Analysts at Morgan Stanley are expecting reinsurance rate increases to prove more sustainable as they examine pricing trends ahead of the mid-year renewals.
Though discussions of pricing at Jan 1 and Apr 1 renewals have been characterized as slightly disappointing, Morgan Stanley noted that pricing was generally up across the board and remained fairly strong.
Reinsurance pricing has somewhat lagged that of the primary market, but analysts expect sustained price increases for reinsurers on the back of several factors.
These include elevated catastrophe losses, concerns on casualty prior year reserves, higher litigation costs and social inflation, COVID uncertainty, and the low investment yield environment.

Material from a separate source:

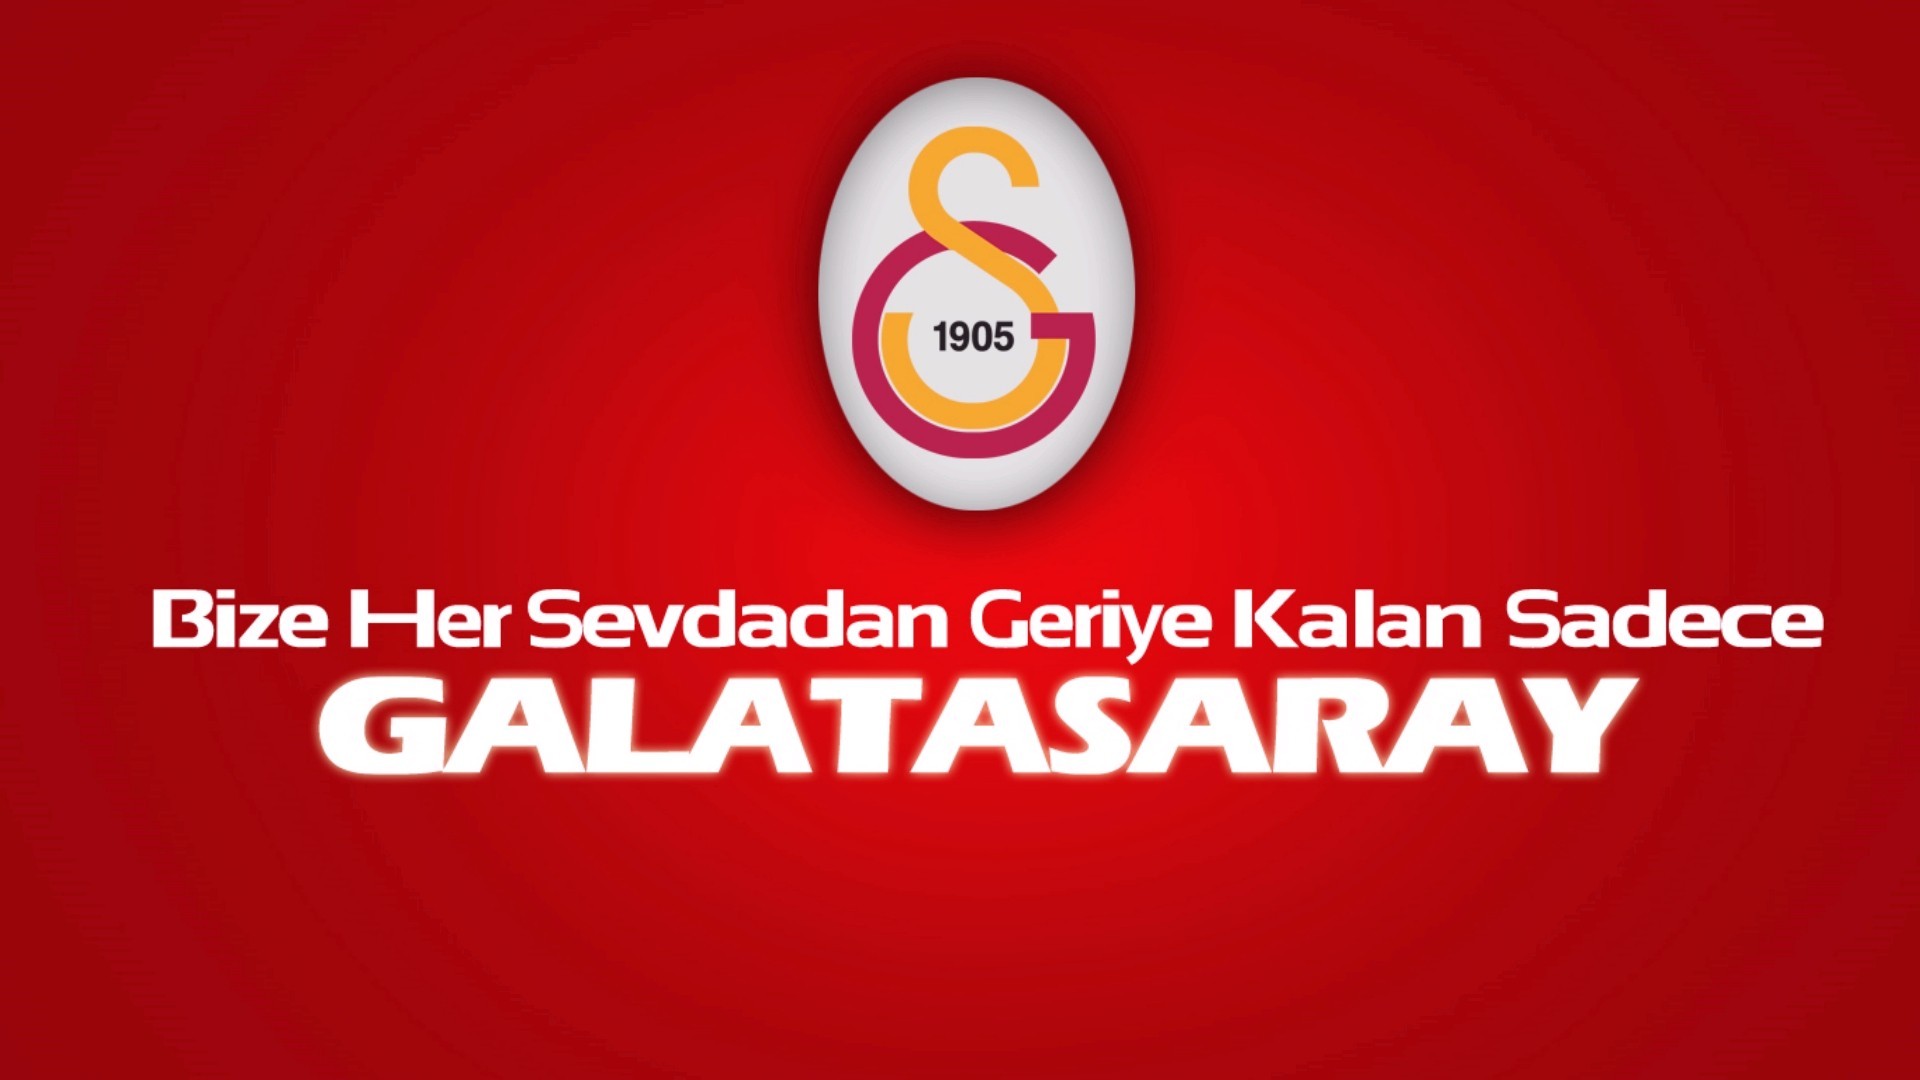 Обои смс логотип Галатасарай С К на рабочий стол

“Though we see more sustainability of pricing in the sector, margin gains are not expected to be as pronounced as the primary carriers for some of those previously disrupted reasons,” Morgan Stanley stated.
Looking at the re/insurance pricing cycle more broadly, analysts are expecting a deceleration in rate increases soon, perhaps even by the mid-year renewal period.

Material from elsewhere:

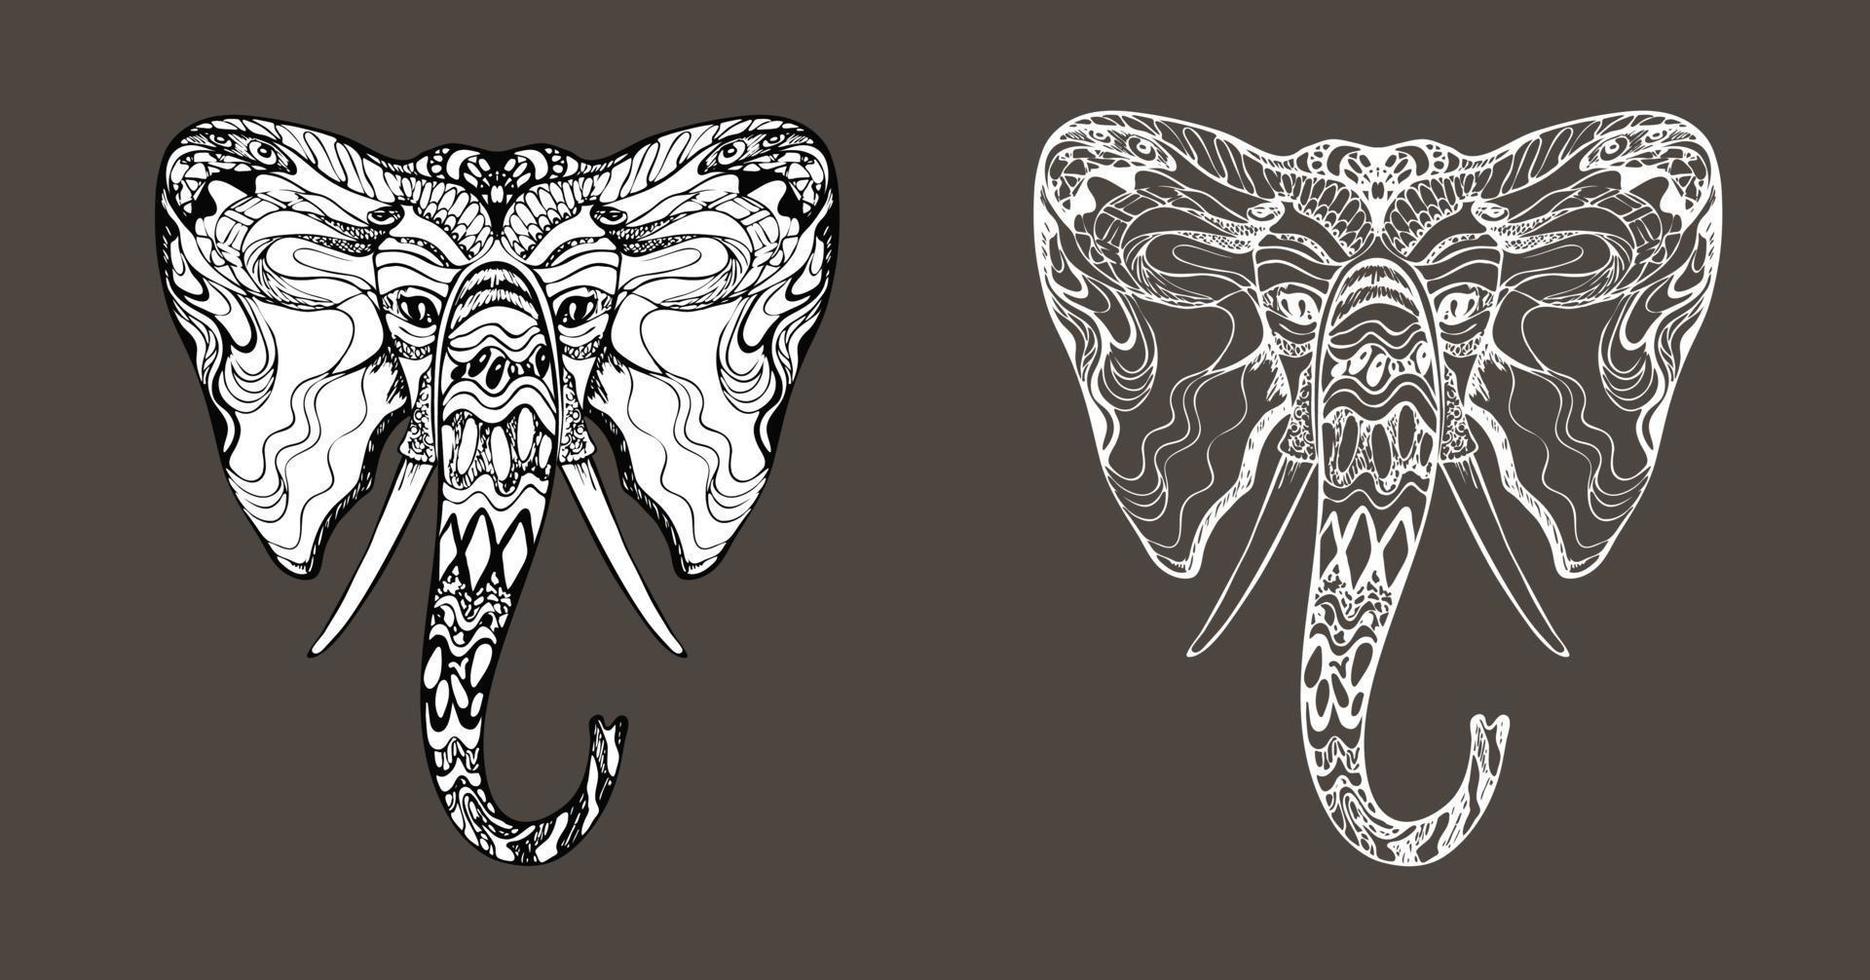 Stilvoller, schicker Hippie-Tattoo-Elefantenkopf, Ganesh-Gesicht, einzigartiger handgezeichneter ethnischer schwarzer Umriss, elegante Kontur, mit Weiß gefüllte Silhouette, Tiersafari-Design, Drucke, Färbung vektor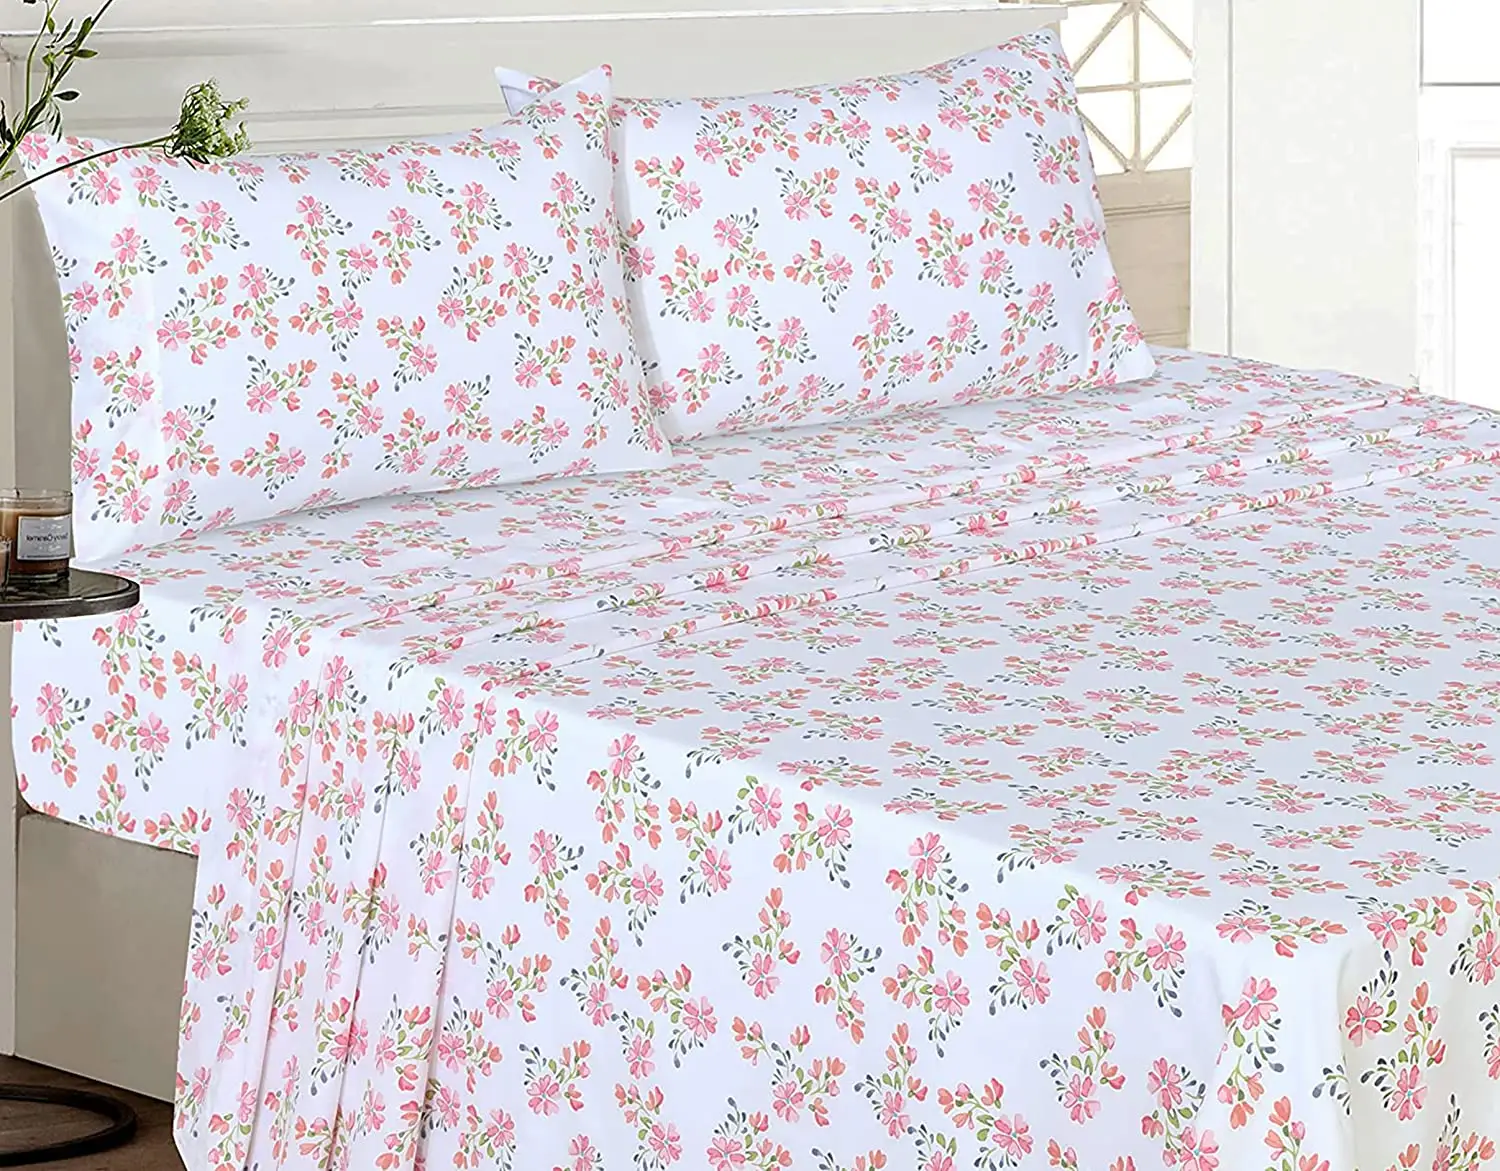 Juego de sábanas de algodón 100% con estampado Floral, ropa de cama suave y transpirable, color rojo y verde, tamaño completo, 4 unidades

But unprecedented losses from Winter Storm Uri in Texas, as well as other global events such as Storm Filomena in Spain and Tropical Cyclone Niran in Australia could help to maintain pricing momentum for a while longer.

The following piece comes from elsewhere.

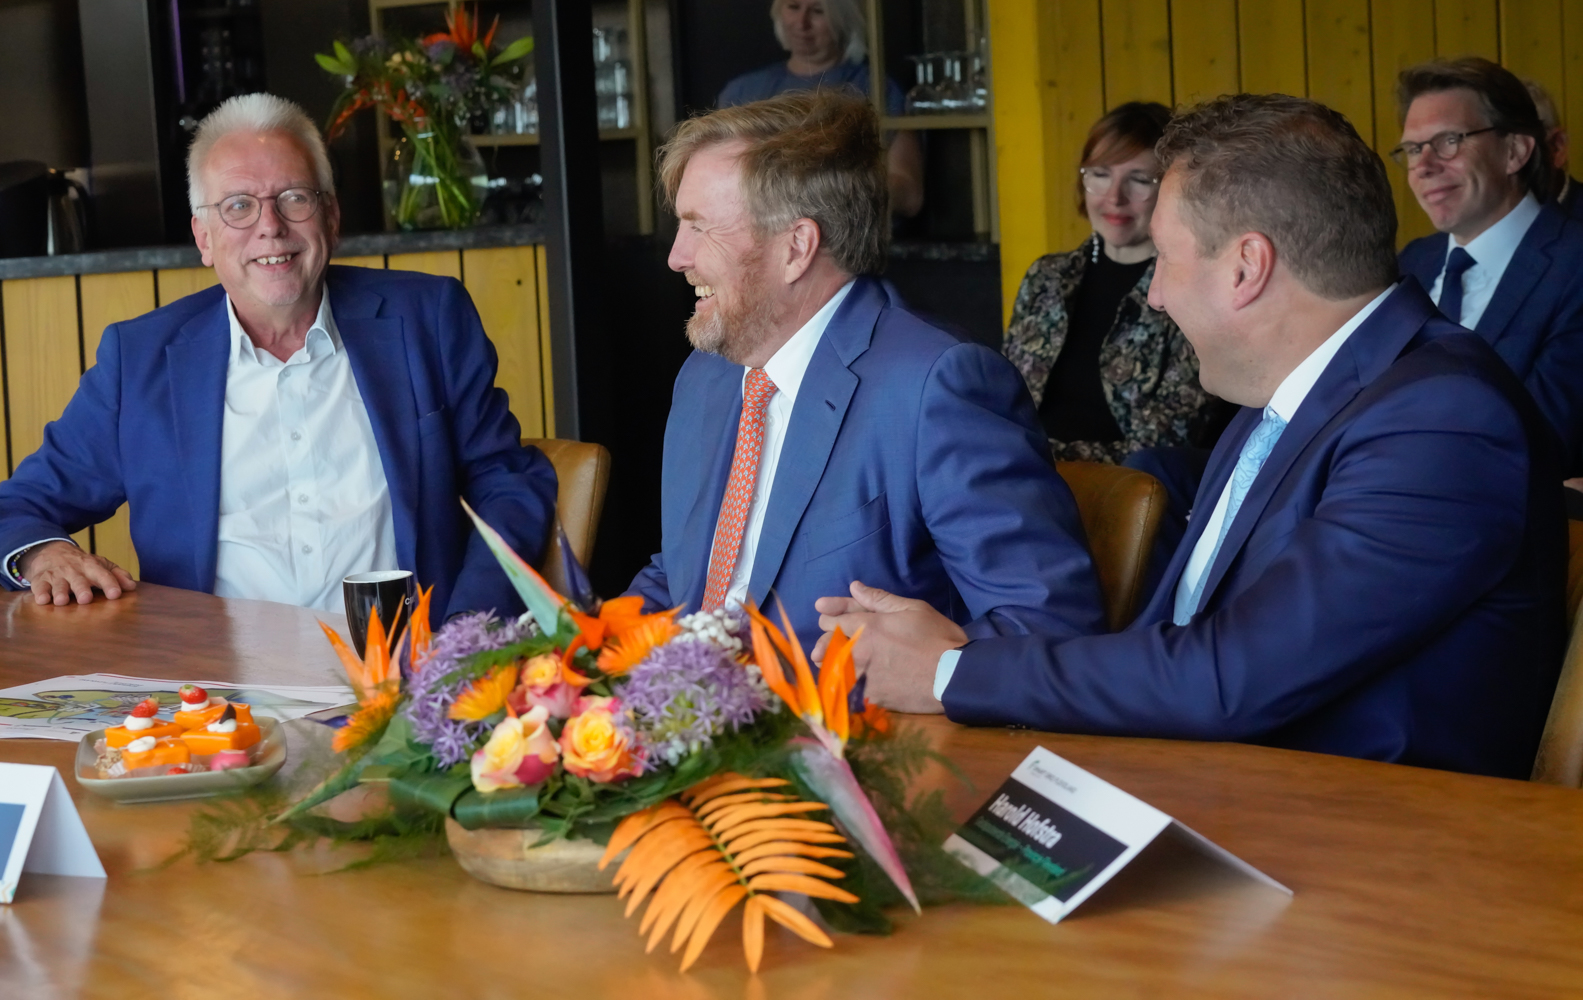 Koning Willem-Alexander in gesprek met wethouder Sjaak Kruis

For primary commercial lines, Morgan Stanley expects pricing increases to remain positive over the next year, given persistent loss trends, casualty reserve issues and a depressed interest rate environment.
And while analysts acknowledged that rate growth is “nearing a peak,” they still believe that the higher levels of rate earning will continue to outpace loss trends resulting in margin improvement into 2022.